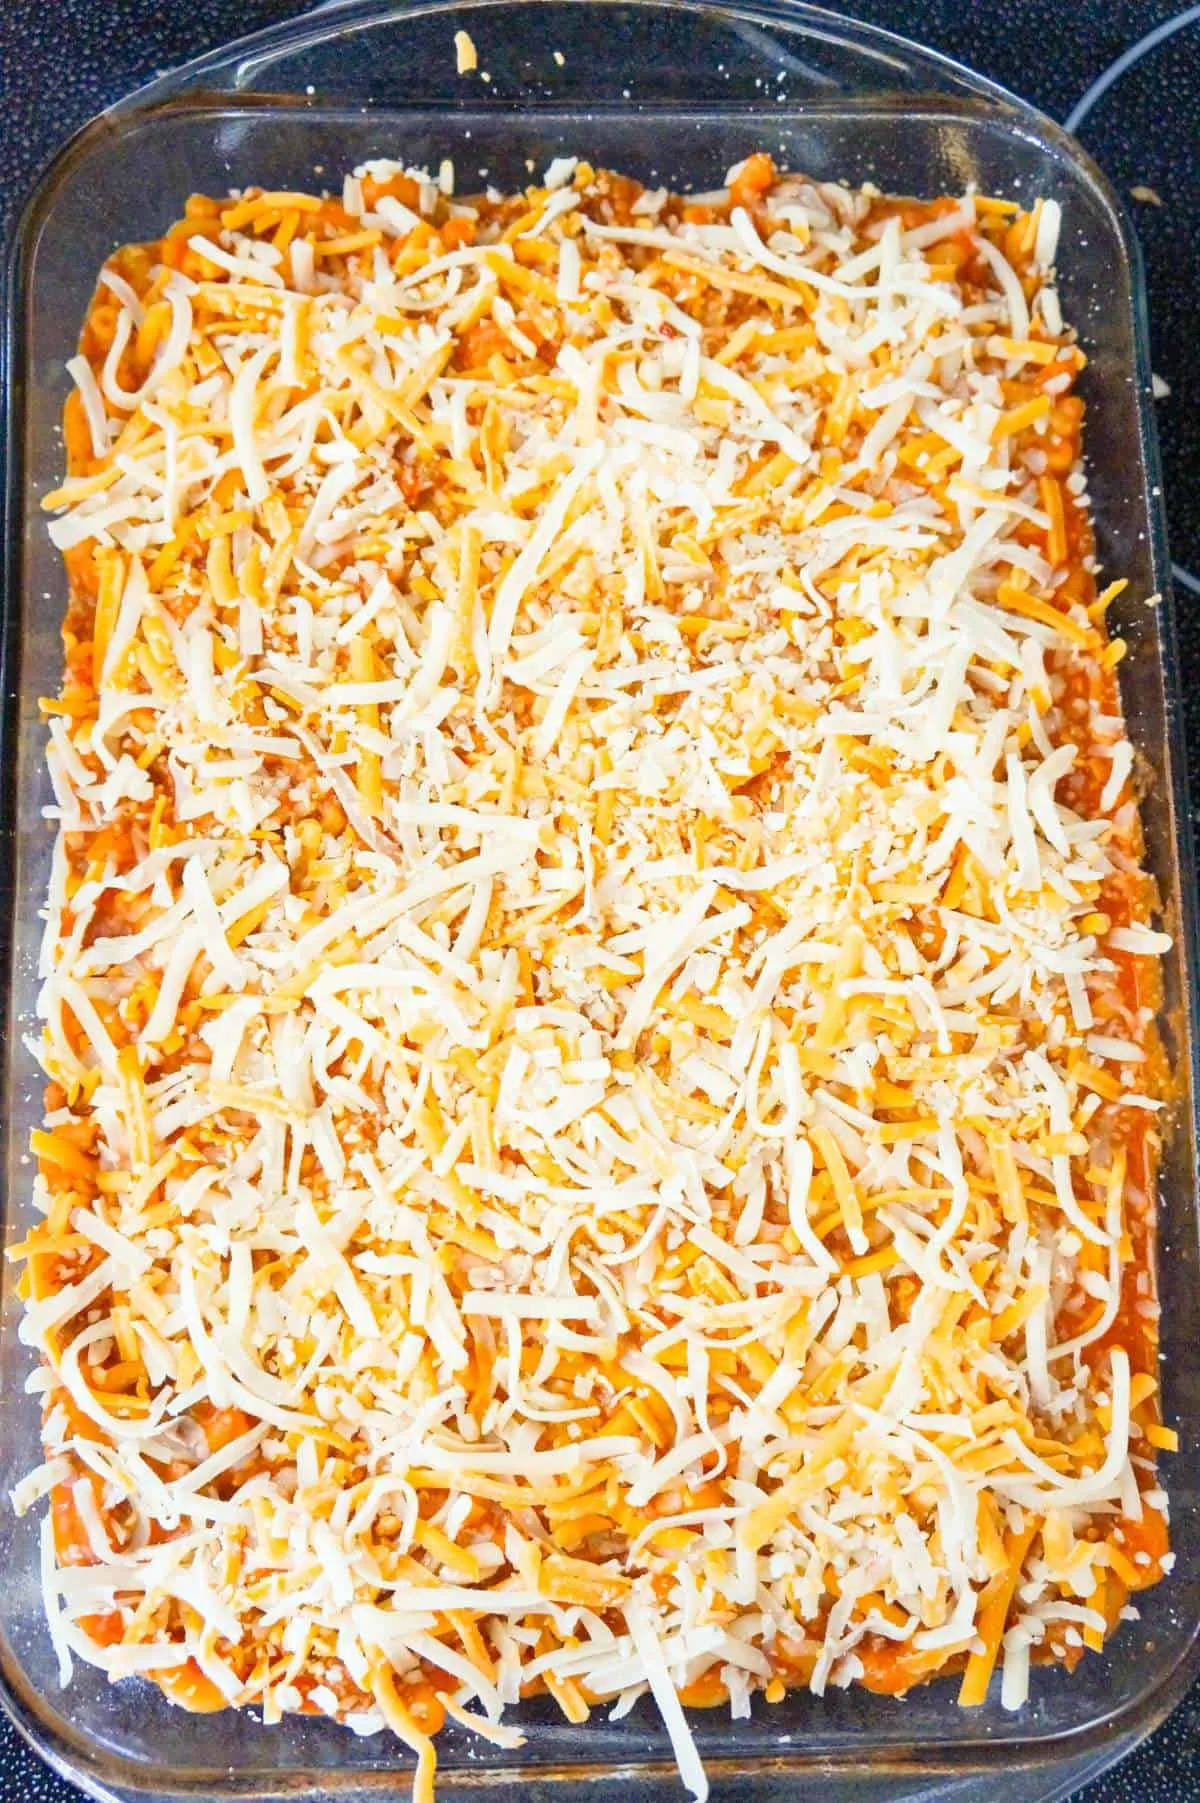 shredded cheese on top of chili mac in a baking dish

•••••

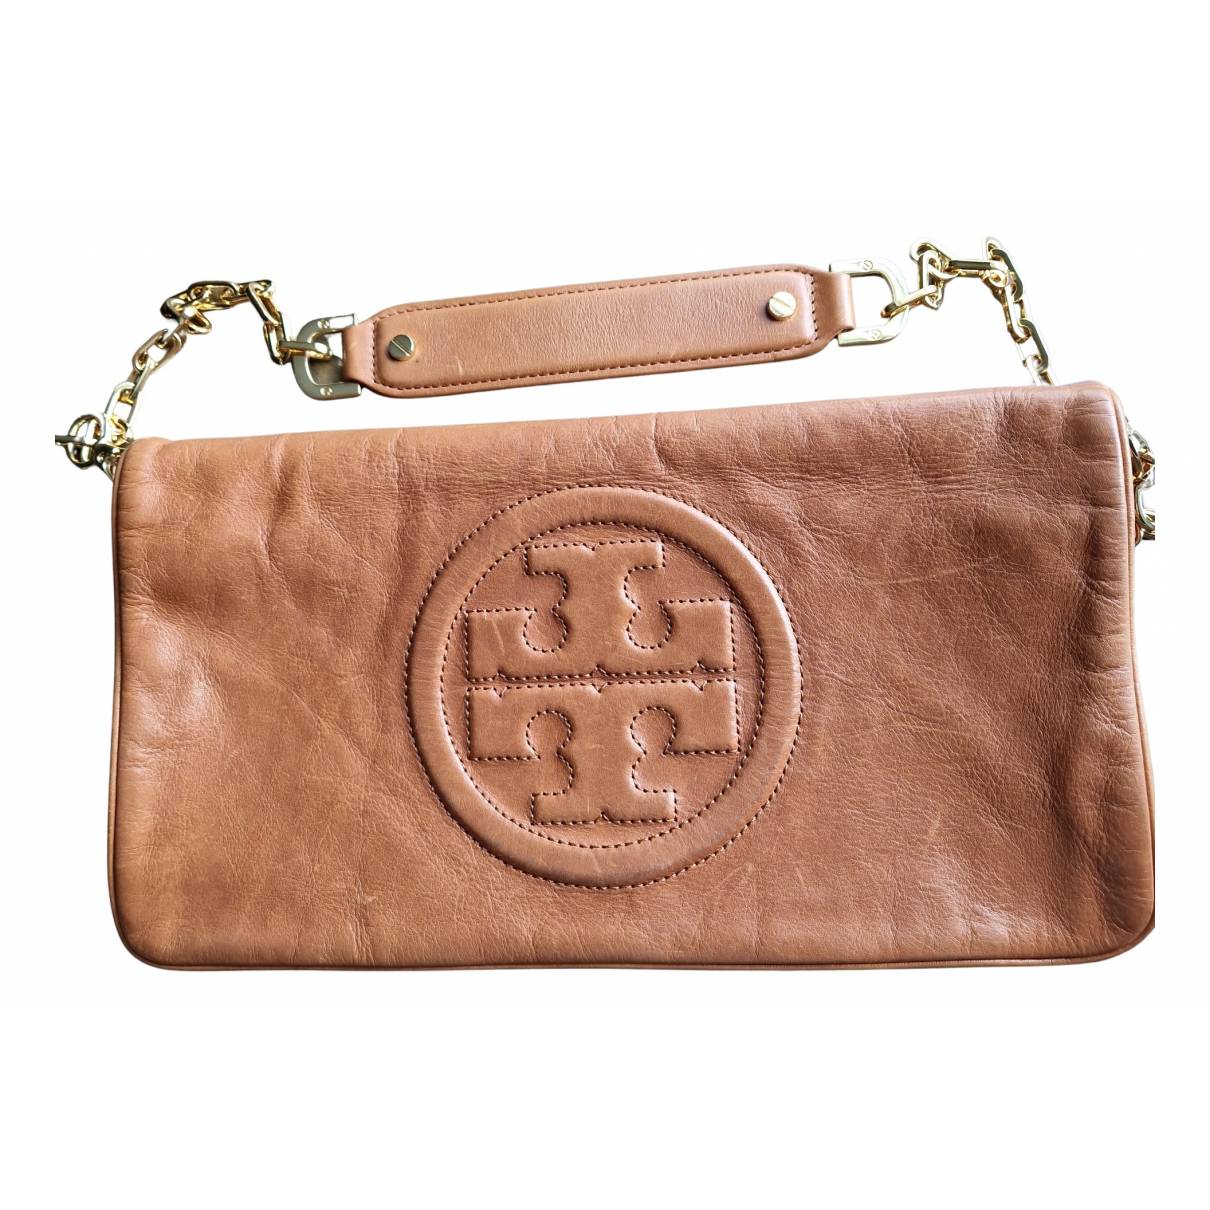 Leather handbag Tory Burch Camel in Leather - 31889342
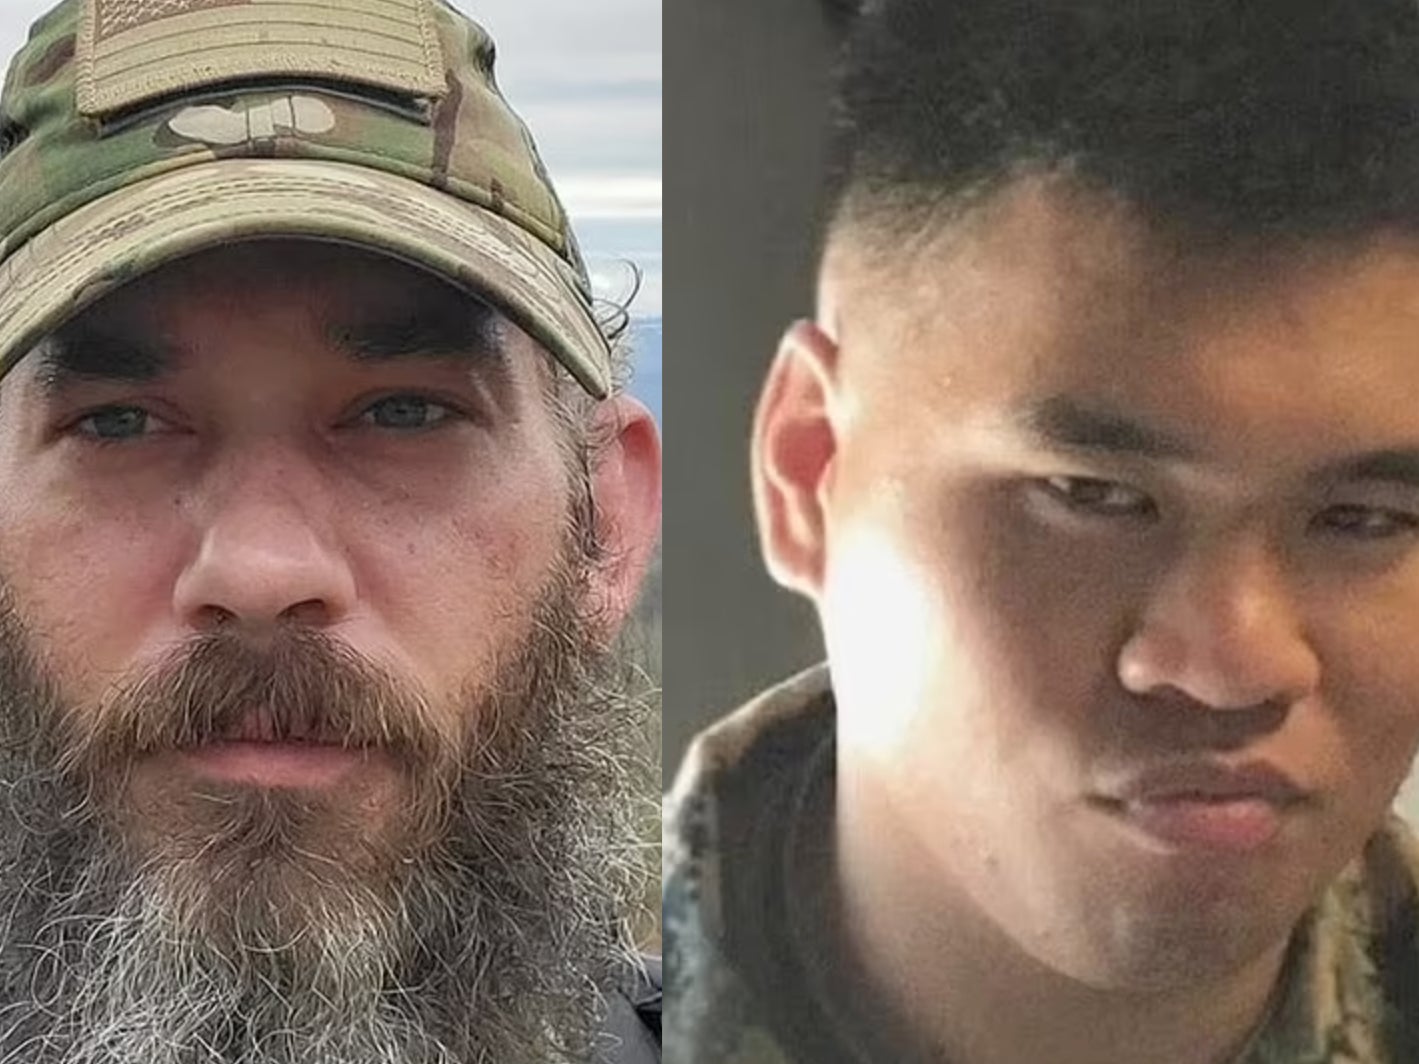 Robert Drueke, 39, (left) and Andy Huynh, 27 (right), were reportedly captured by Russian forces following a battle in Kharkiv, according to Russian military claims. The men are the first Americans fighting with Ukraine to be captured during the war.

•••••

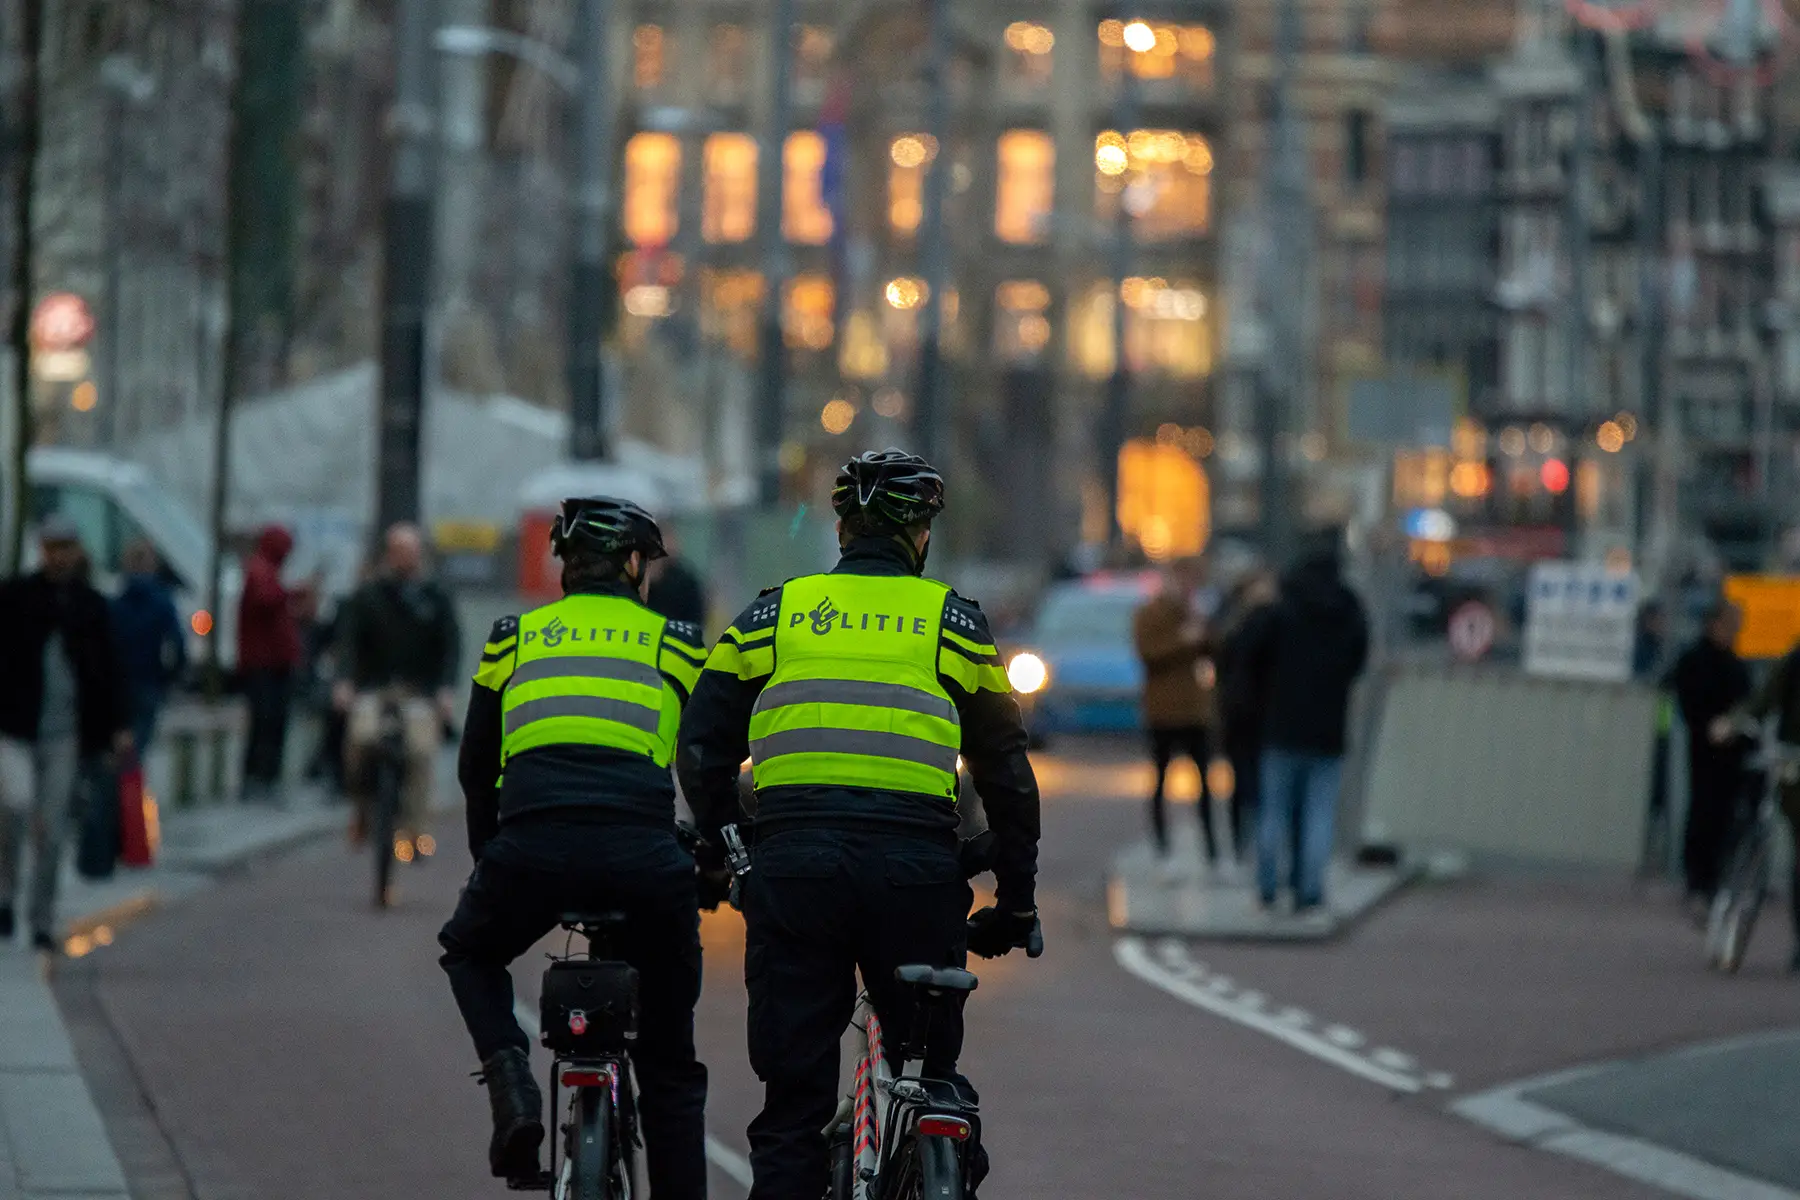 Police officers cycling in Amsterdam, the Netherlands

•••••

[Required action]
Go back to the listing above and write out the lines starting at the one with "Leather handbag Tory" and ending at the one with "Robert Drueke, 39, (left)", inclusive, exactly and without pictures.

[Worked solution]
 Leather handbag Tory Burch Camel in Leather - 31889342
 Robert Drueke, 39, (left) and Andy Huynh, 27 (right), were reportedly captured by Russian forces following a battle in Kharkiv, according to Russian military claims. The men are the first Americans fighting with Ukraine to be captured during the war.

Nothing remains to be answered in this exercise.